EU stresses freedom of expression in wake of media investigations

EU stresses freedom of expression in wake of media investigations

Front page of Taraf daily that shows gov't kept profiling citizens by 2013. (Photo: Today's Zaman)

December 10, 2013, Tuesday/ 18:19:00

The European Union has underlined that public authorities should not interfere with freedom of expression in the media, against the background of Turkish government pressure on the media through criminal and civil lawsuits.

“The right to freedom of expression includes the freedom to receive and impart information and ideas without the interference of public authorities,” Peter Stano, spokesperson for EU Enlargement Commissioner Stefan Füle, said to the Cihan news agency.

Stano also commented on the 2013 EU Progress Report on Turkey and in particular, he indicated the section related to the potential effect of statements made by state officials that prompted investigations by public prosecutors and led to self-censorship by media owners and journalists.

The report says, “Problems remain, including continued pressure on the media by state officials, widespread self-censorship, the firing of critical journalists, frequent website bans and the fact that freedom of expression and media freedom are hampered in practice by the approach taken by the audio-visual regulator and the judiciary.”

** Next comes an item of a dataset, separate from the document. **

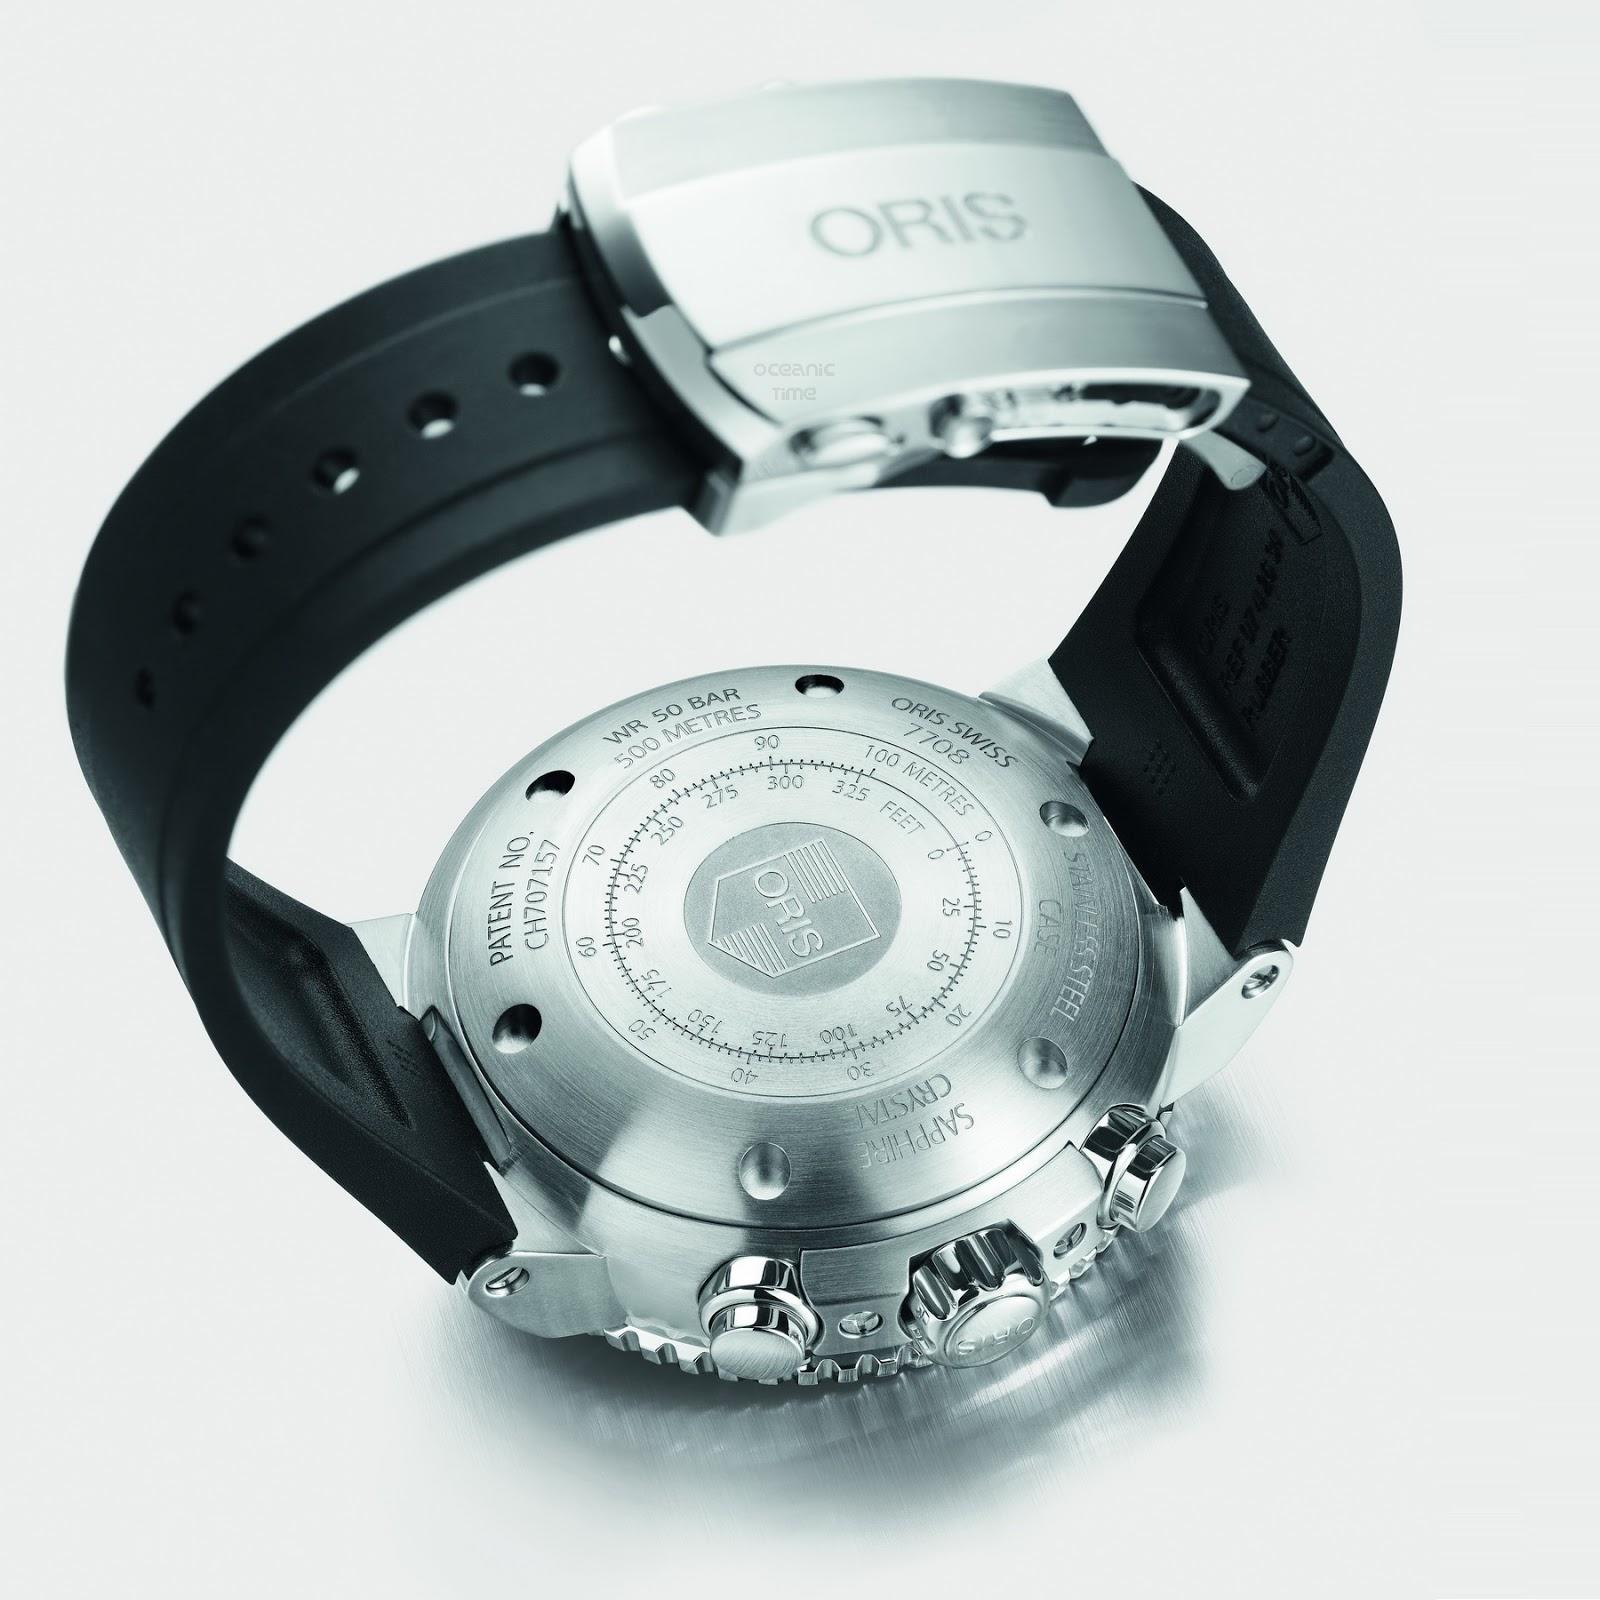 oris-aquis-depth-gauge-chrono-05
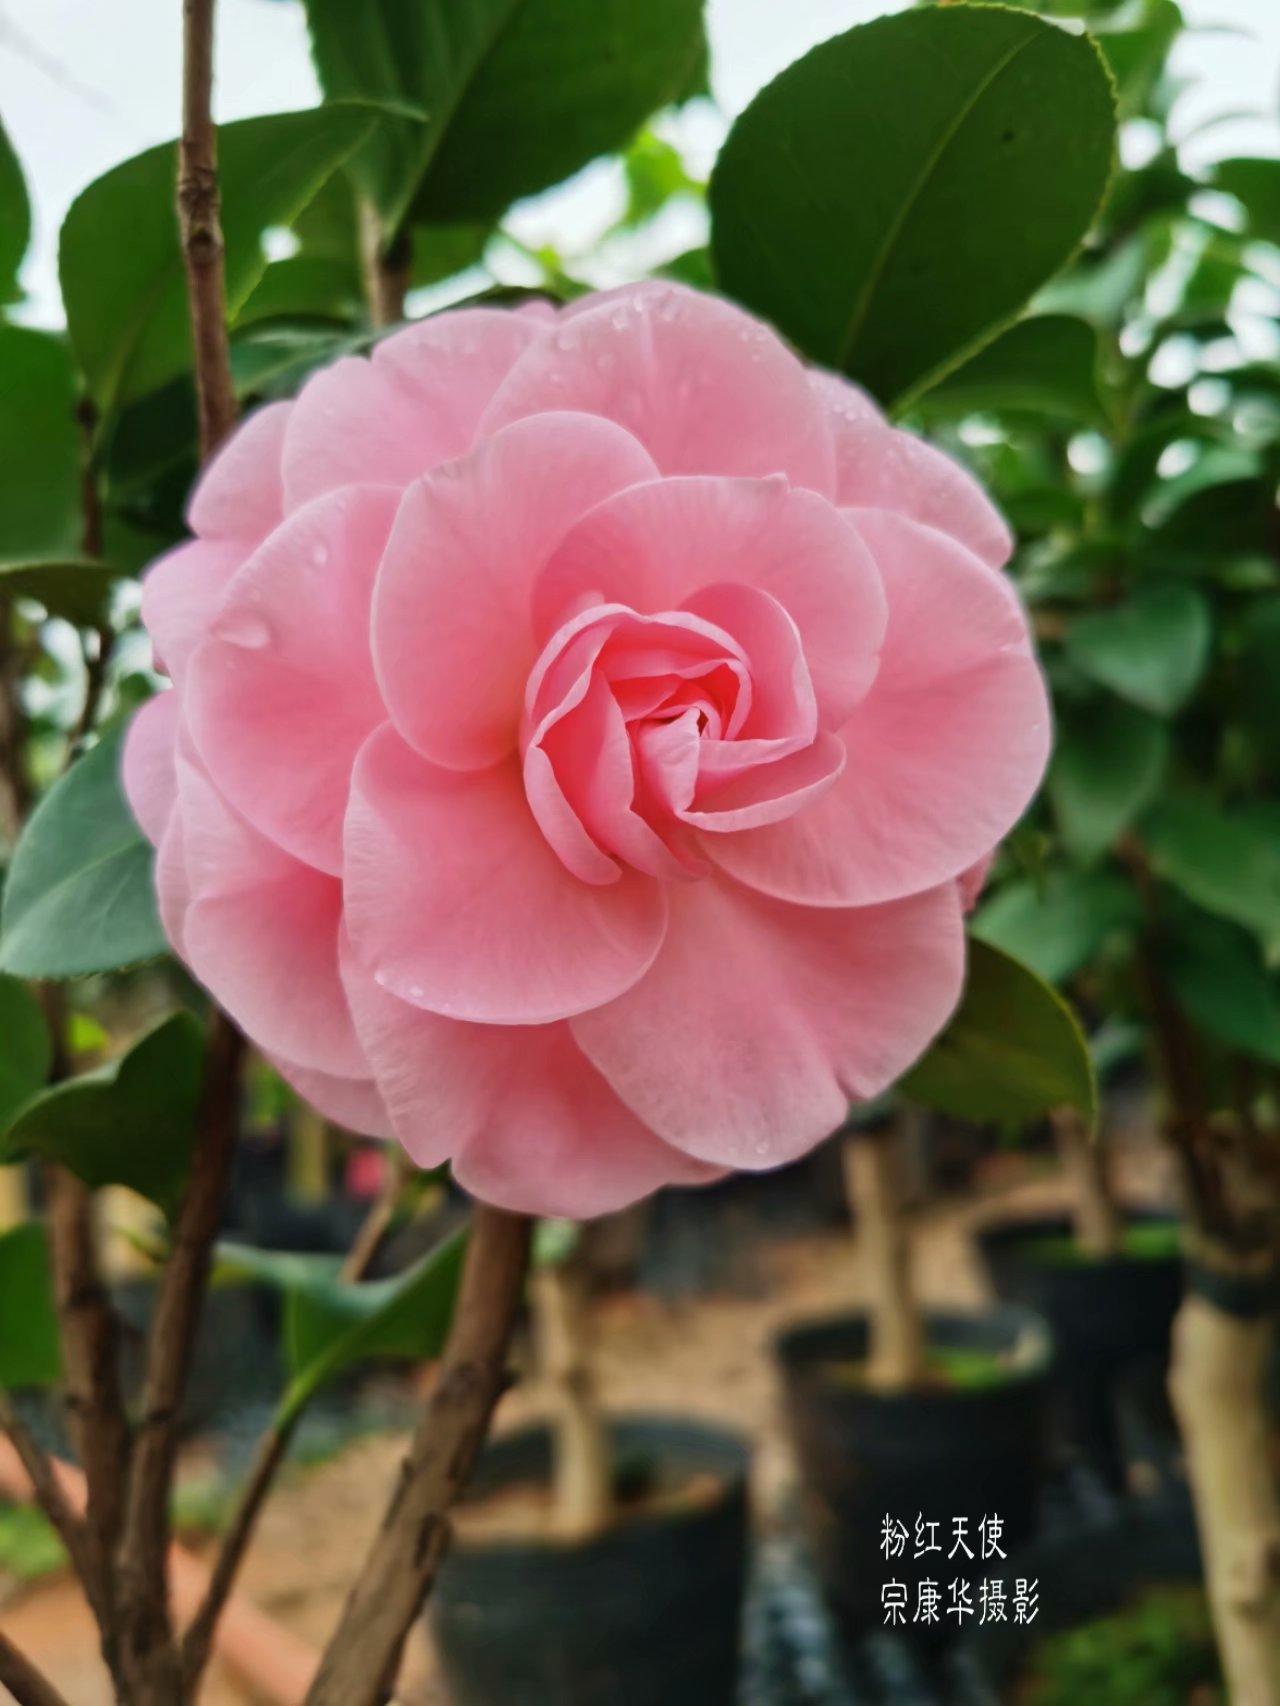 新茶花-粉红天使

Stressing the significant impact of the statements of public officials, the report continued, “Freedom of expression and of the media was restricted in practice: the ownership structure of the Turkish media, at times intimidating statements by politicians and remaining restrictive legal provisions and their interpretation by members of the judiciary led to widespread self-censorship by media owners and journalists or the sacking of journalists.”

The European Parliament (EP) is also gearing up to tell Ankara that an independent press is vital for democracy amid growing concerns in the EU on the widespread occurrence of self-censorship by media owners and journalists in Turkey.

The draft EP report, seen by Cihan, underlines that freedom of expression and media pluralism are at the heart of European values and reiterates concern at the fact that most media outlets are owned by and concentrated in large conglomerates with a wide range of business interests.

“Serious censorship imposed on Turkish media”

Hélène Flautre, the co-chairwoman of the EU-Turkey Joint Parliamentary Committee, has described the launch of an investigation into the Taraf daily and journalist Mehmet Baransu for publishing controversial National Security Council (MGK) documents as being “scandalous” and “inappropriate,” adding that she has serious concerns about freedom of the press in Turkey.

Starting last month, the Taraf daily published several confidential documents suggesting that the Justice and Development Party (AK Party) and the National Intelligence Organization (MİT) profiled individuals linked to some religious and faith-based groups.

On Dec. 5, the Prime Ministry, MİT and the National Security Council (MGK) filed a joint criminal complaint against the daily and Baransu for revealing confidential state documents. The complaint immediately turned into an investigation of the journalist.

The European parliamentarian said she believes there is serious censorship imposed on the Turkish press, which triggers self-censorship.

“Attacking the newspaper or the journalist who printed this news [about government profiling of individuals] is like arresting somebody who runs toward you and reports a crime. Certainly, this is obviously an inappropriate situation and is scandalous behavior. This newspaper reported something for the public's benefit and it revealed a violation of duty, at the end of the day,” Flautre said.

The Baransu investigation has been met with harsh criticism by foreign journalist associations.

“It is the responsibility of a journalist to report on issues that directly concern the people,” stated Committee to Protect Journalists (CPJ) Executive Director Joel Simon.

Simon defined the complaint against Taraf as an “obstacle to the people's freedom of information.” He also said: “The position of the Turkish government [filing the complaint] was no source of surprise for me. There is no doubt over the authenticity of the [profiling] document,” adding that the government was ashamed of and angry about the publication of the document and that that might be the reason behind the filing of the complaint.